Names are important. I believe that names shape our personalities somewhat. And I am very much influenced by the other people I know with those names. There are some names I will never use because I do not have a good remembrance of someone with that name. In the scriptures, we are taught to take upon us the name of Christ, so that we will be remembered of Him at the last day. We are taught not to take the name of the Lord in vain, because it is sacred. We are taught that some people change their names, in order to start a new life (Anti-Nephi-Lehis). Helaman gives unto his sons the names of Nephi and Lehi. He taught his children “Behold, my sons, I desire that ye should remember to keep the commandments of God; and I would that ye should declare unto the people these words. Behold, I have given unto you the names of our first parents who came out of the land of Jerusalem; and this I have done that when you remember your names ye may remember them; and when ye remember them ye may remember their works; and when ye remember their works ye may know how that it is said, and also written, that they were good.” (Helaman 5:6). He wanted his sons to remember to do good, so he named them after good people. I want to give Claire a good name. I want her to do good. I want her to remember to follow the gospel and live a Christ-like life. I just don’t know what to name her.
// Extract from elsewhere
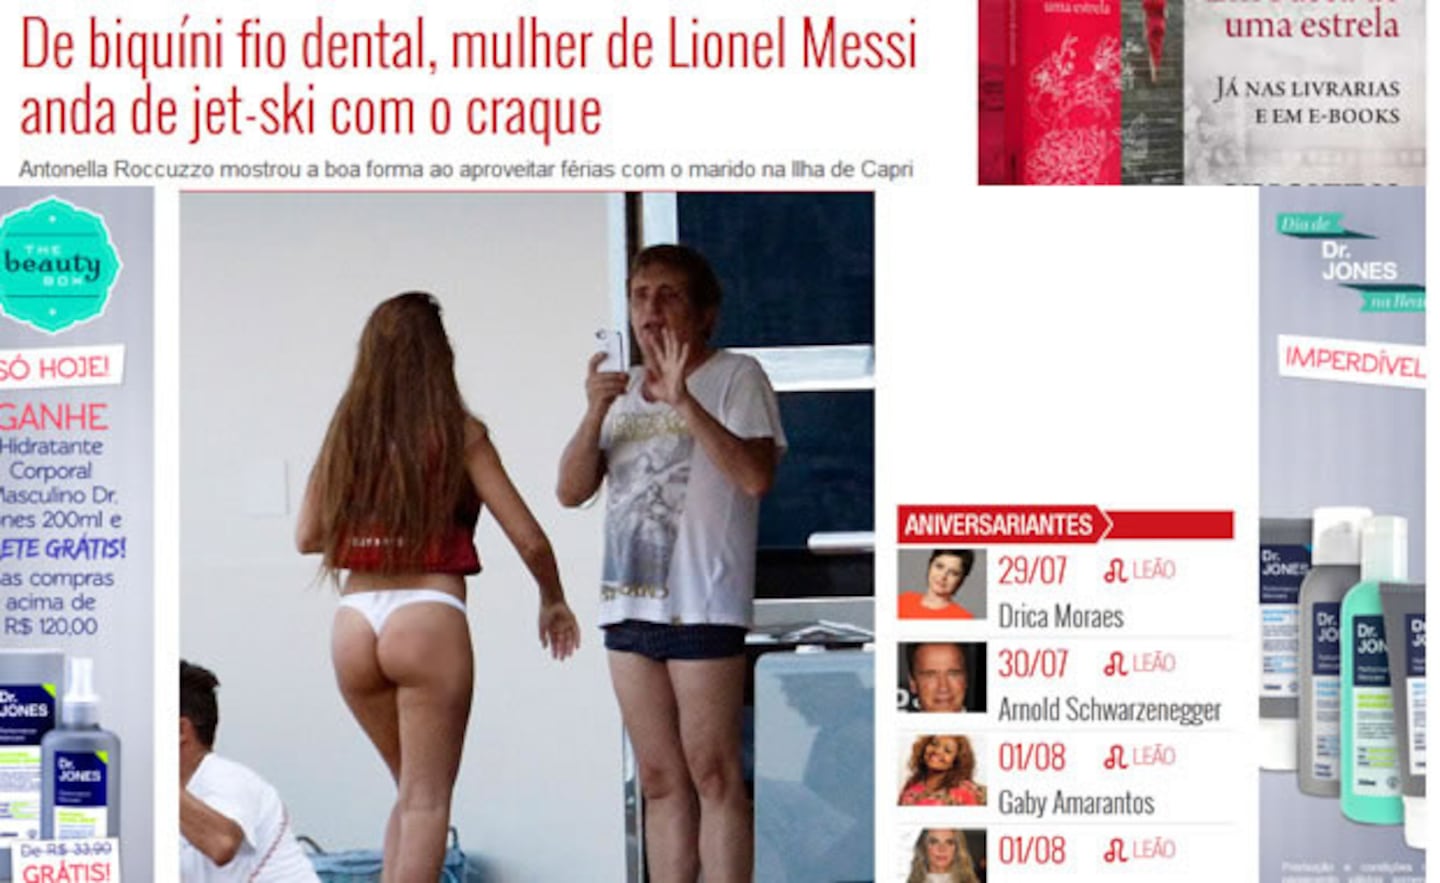 Antonella Roccuzzo y Lionel Messi, en Capri. (Capturas: revistaquem.globo.com)

I have also had a couple of people tell me recently that it's great that we are calling her Claire, but we probably won't name her that when she is actually born. I guess it could happen, but it would be really strange. Especially since we will be so used to calling her that.
4 comments:
WE could call her Rebecca Aclaire:)
That's right there are some strong patterns in our family for nameing kids. Careful if they don't match in someway you may be disowned. LOL! Honestly though, I think that whichever way you go will be special to her. We like having the same initials in my family but it was a pain when were younger...good luck!
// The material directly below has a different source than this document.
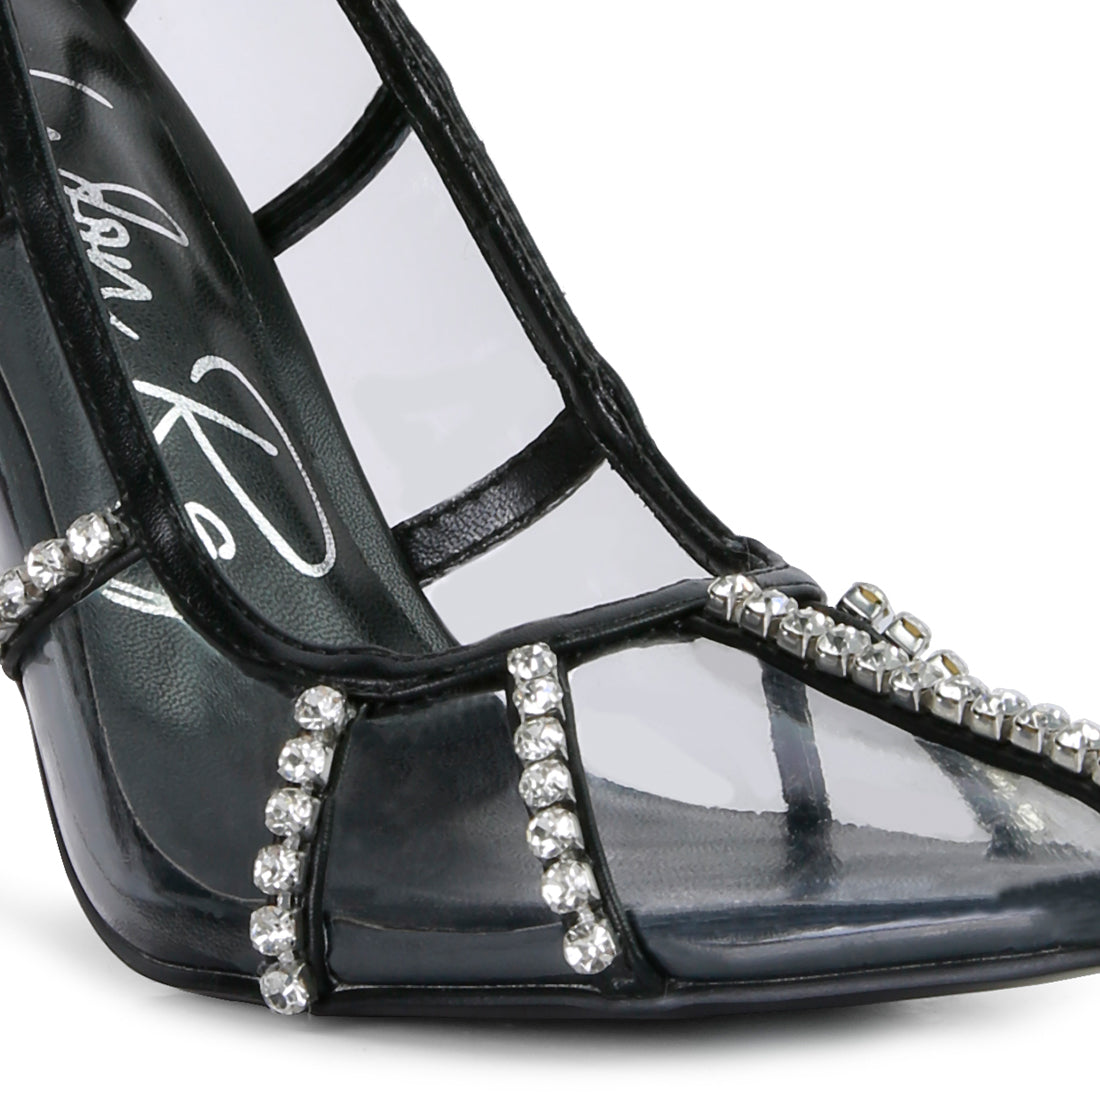 diamante clear high heel cage pumps#color_black

Hmm . . . sounds like a conundrum. I'm sure you guys will figure it out. We don't do any really specific naming patterns. We have used family names and non-family names. I think it's weird that some people think you won't actually name her Claire when she's born. We knew Weston would be named that as soon as we found out we were pregnant. If it was a boy he would be named Weston Robert. I don't see why I would have changed my mind at the last second. Anyway, I think Claire Rebecca is very cute. On a final note, my younger sister didn't have a middle name growing up and she always felt left out. I know you're planning on giving all your kids middle names, but it's true that kids feel left out if their names don't fit the pattern or whatever. Don't stress too much about it. It will come to you. Can't wait to hang out and pumpkin carve tomorrow night. Also, let me know when you have enough info to talk specifics about a child care arrangement. I'm hoping we can make it work. :)
All I can say is that after calling each of you (girls) "Michael Alan" for 9 months, we adjusted really fast to what you were really named at birth. Except for Teene, who got called Shannon (dog's name) on more than one occasion. And the nicknames, which shall not be repeated by me here.